Distribution of bacterial single cell parameters and their estimation from turbidity detection times

The stochastic growth of homogeneous bacterial populations in the wells of a microtiter plate was studied as a function of the random initial cell number and their random individual lag times. These significantly affected the population growth in the well, while the maximum specific growth rate of the population was constant (or its variance was negligible) for each well. We showed the advantages of the mathematical assumption that a transformation of the single cell lag time, called the single cell physiological state (or, more accurately, that of the sub-population generated by the single cell) follow the Beta distribution. Simulations demonstrated what patterns would such assumption generate for the distribution of the detection times observed in the wells. An estimation procedure was developed, based on the beta-assumption, that resulted in an explicit expression for the expected value of the single cell physiological state as a function of measured time to detection values using turbidity experiments.
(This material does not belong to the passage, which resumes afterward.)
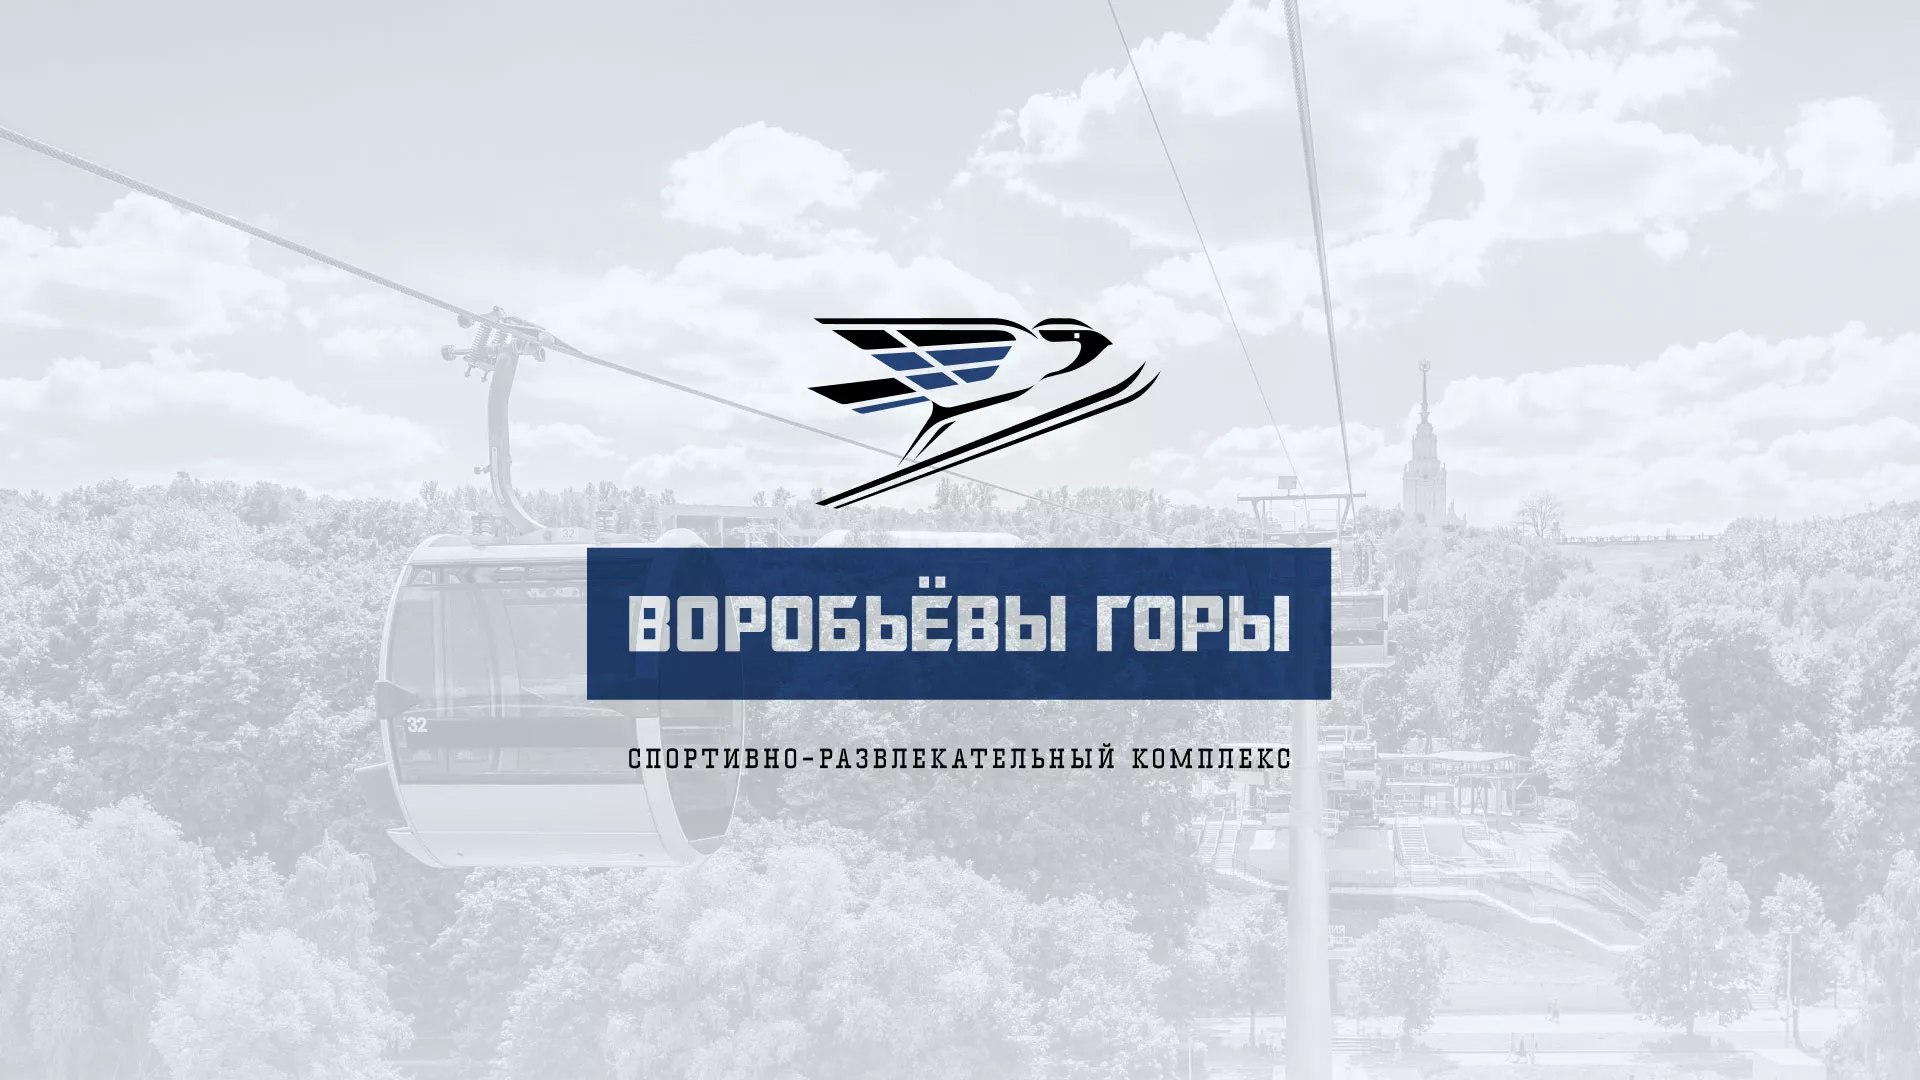 Разработка сайта в Курильске для спортивно-развлекательного комплекса «Воробьёвы горы»

The method was illustrated using laboratory data with Escherichia coli, Salmonella enterica subsp. enterica strains. The results gave a basis to quantify the difference between the studied organisms in terms of their single-cell kinetics.

Automated summary

The study found that the growth of bacterial populations is influenced by the random initial cell number and individual lag times, while the maximum specific growth rate remains constant within each well. The mathematical assumption of using Beta distribution to describe the single cell physiological state provides insights into the patterns of detection times observed in the wells. An estimation procedure based on this assumption allows for explicit expression of expected values of the single cell physiological state.